Die beiden Unterhaltungsunternehmen enthüllten das Geschäft im Dezember letzten Jahres. Nach der Fusion wäre das britische Unternehmen zum größten Kinobetreiber Nordamerikas geworden. Der „Investment Canada Act“ sollte die Überprüfung der Vereinbarung am 15. Juni abschließen.

Cineplex antwortete am Freitag ebenfalls mit einer Erklärung, in der alle Vorwürfe der britischen Firma dementiert wurden. Der kanadische Kinobetreiber sagte, dass die Behauptungen von Cineworld auf die Auswirkungen von COVID-19 zurückgeführt würden. Er beschuldigte auch seinen britischen Konkurrenten, die Gesundheitskrise als Vorwand zu benutzen, um seine im Fusionsdeal festgelegten Verpflichtungen zu ignorieren.

Laut Cineworld zwang eine „wesentliche nachteilige Geschäftsveränderung“ das Unternehmen, sich aus dem Geschäft zurückzuziehen. Cineplex hob jedoch am Freitag hervor, dass eine „wesentliche nachteilige Geschäftsveränderung“ gemäß der Vereinbarung ausdrücklich keine höhere Gewalt einschließlich des Ausbruchs von Krankheiten umfasst.

Die Kinoketten wurden in den letzten Monaten durch die Coronavirus-Pandemie, die bisher weltweit mehr als 7,7 Millionen Menschen infiziert und über 425.000 Todesfälle verursacht hat, massiv beeinträchtigt. Da der Ausbruch die Menschen zwang, zu Hause zu bleiben, und die Verbraucher auf Streaming-Dienste zurückgriffen, mussten die Kinobetreiber im Jahr 2020 mit neuen finanziellen Schwierigkeiten rechnen.
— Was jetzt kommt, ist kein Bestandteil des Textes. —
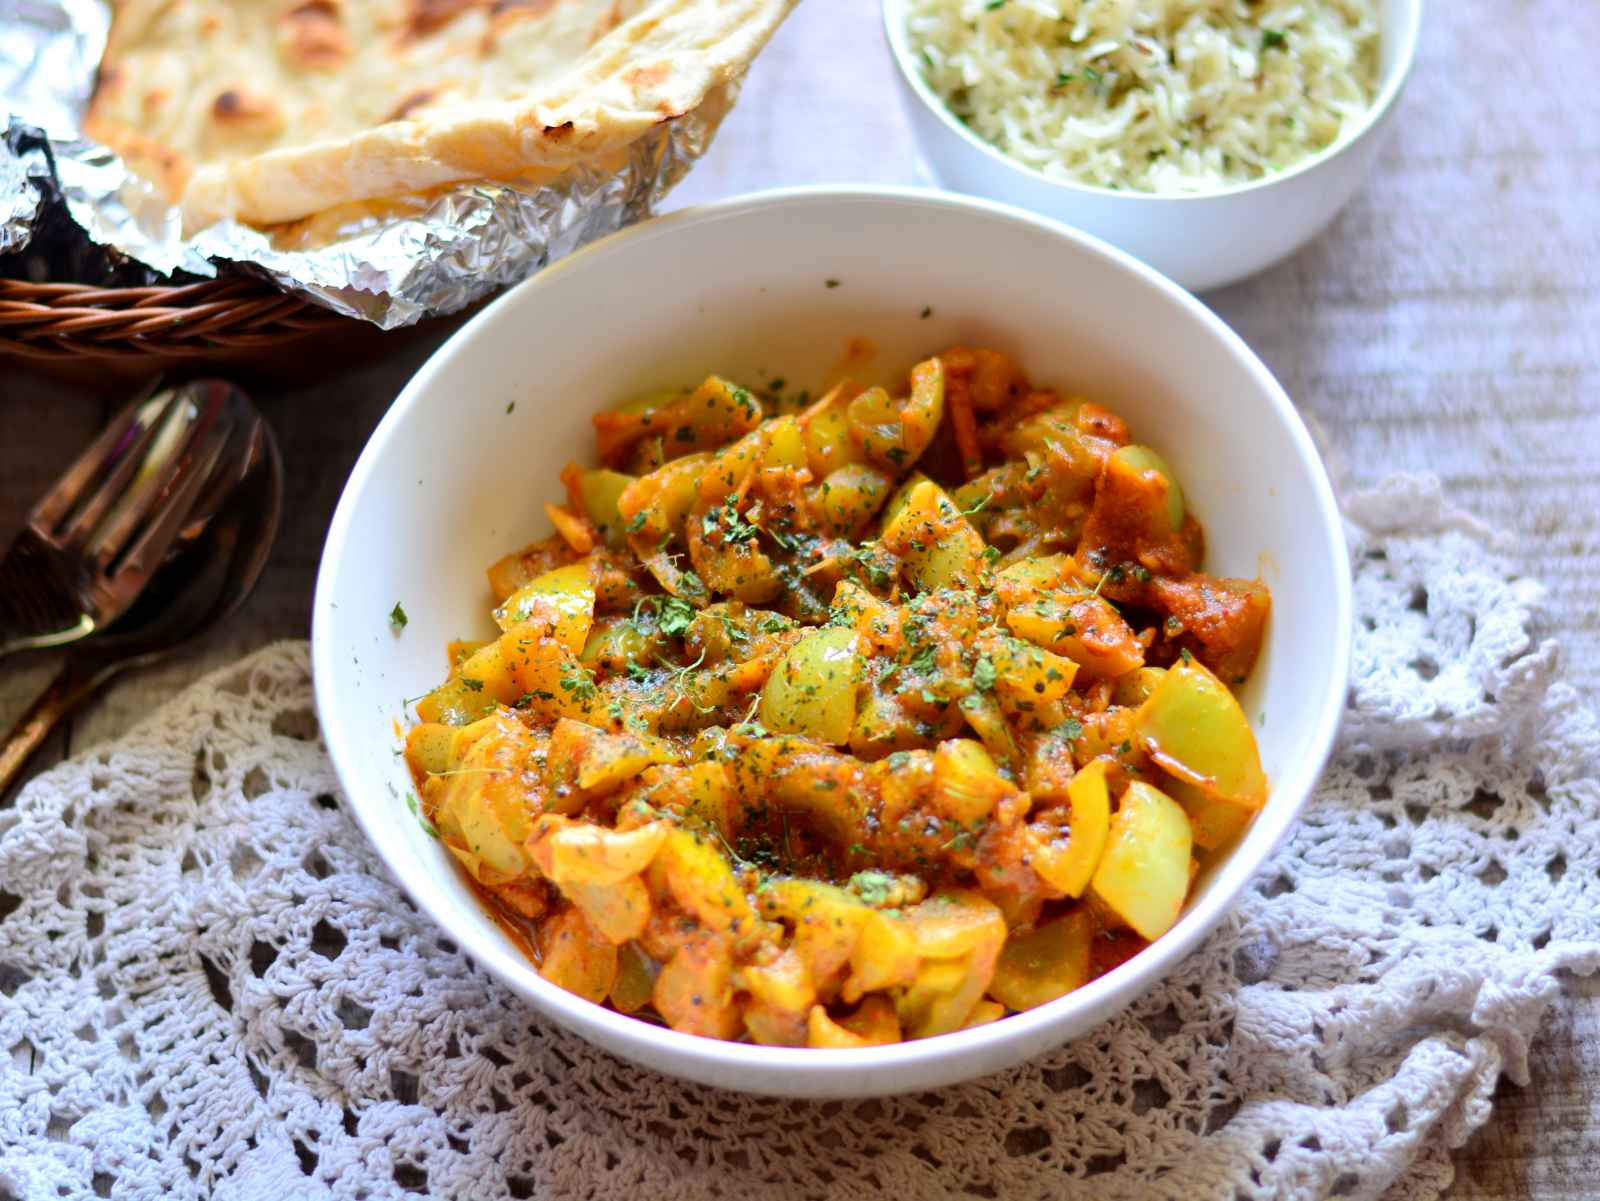 Hare tamatar ki sabzi recipe by archanas kitchen hare tamatar ki sabzi recipe raw tomato curry forumfinder Images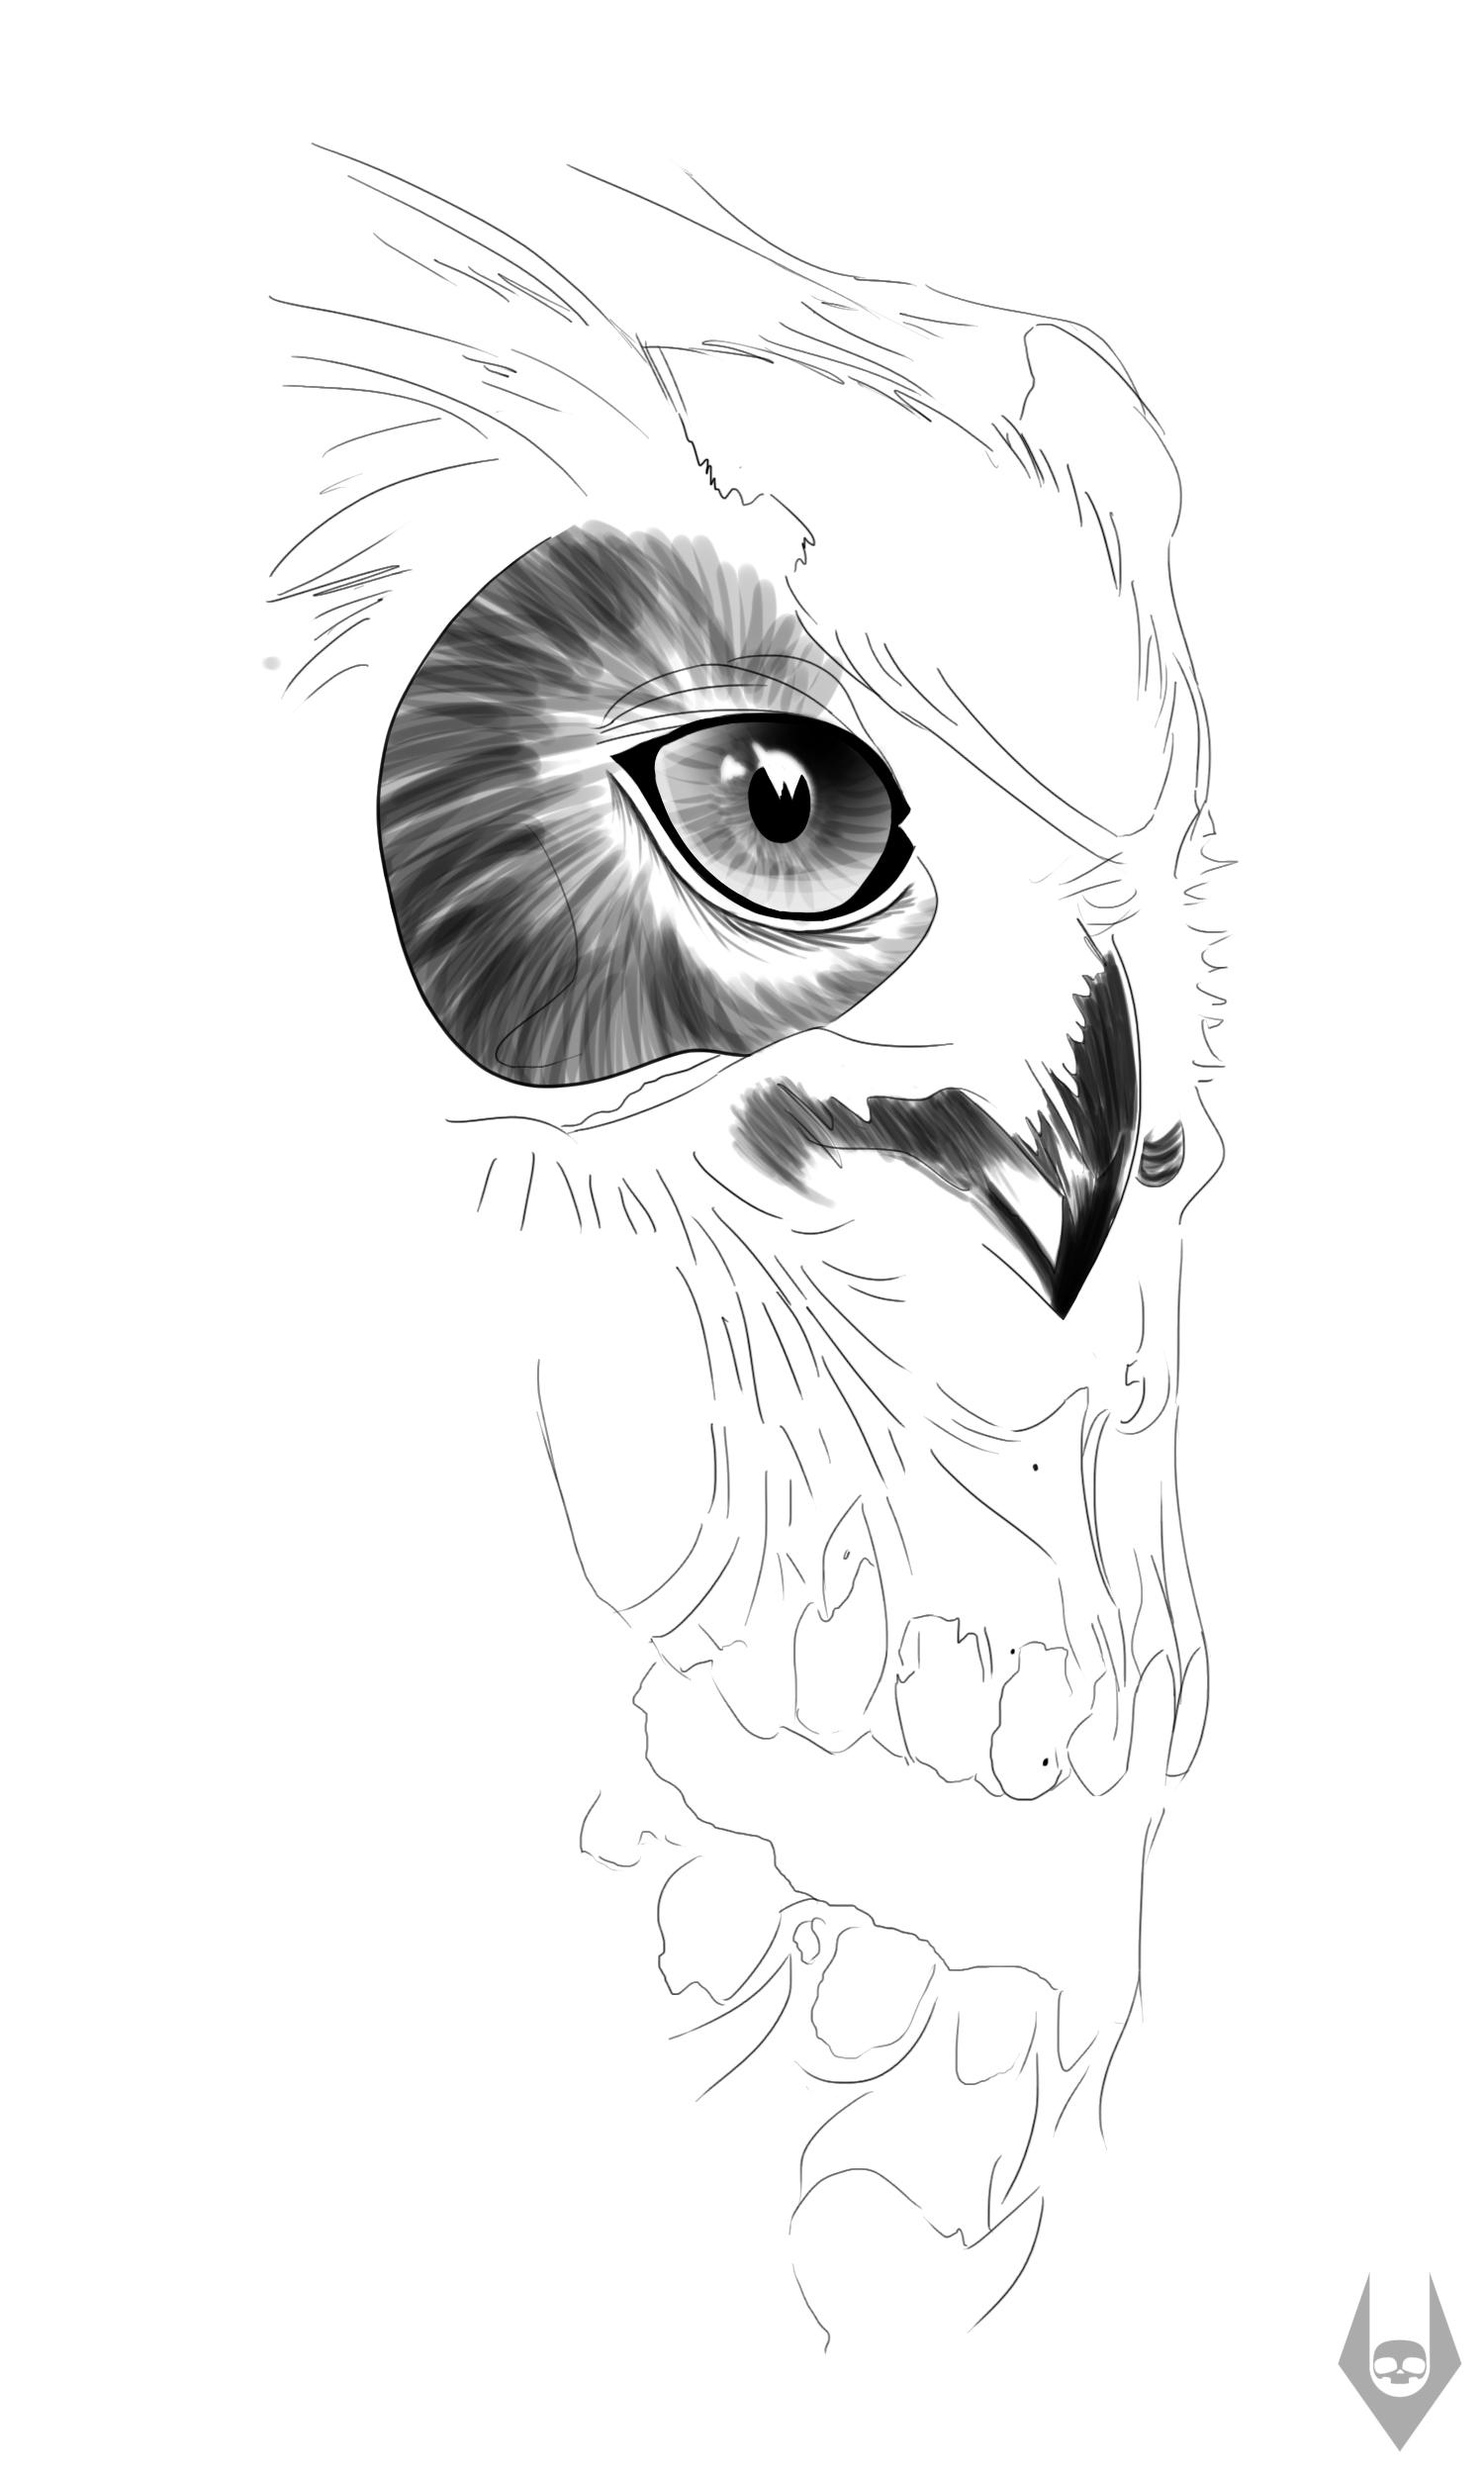 Owl Skull by Arte-Animada on DeviantArt - photo#34

Beide Unternehmen wollen Klage auf Schadenersatz einreichen

Cineplex betonte in seiner Erklärung auch, dass die britische Firma keine rechtliche Grundlage für eine Aussetzung des Abkommens habe und dass sie einen Rechtsstreit gegen Cineworld führen werde. Beide Firmen drückten ihr Vertrauen in ihr Recht auf Schadenersatz aus und kündigten Pläne an, eine Klage gegen die Gegenpartei einzureichen.

Cineplex verzeichnete am Freitag einen Rückgang von etwa 5%. Das Unternehmen mit Hauptsitz in Toronto liegt mit 8,11 £ pro Aktie etwa 60% unter dem bisherigen Jahreskurs an der Börse, nachdem es sich von einem Tiefstand von 5,19 £ pro Aktie im März erholt hatte.

Cineworld hat eine Marktkapitalisierung, die fast doppelt so groß ist im Vergleich zu seinem kanadischen Rivalen.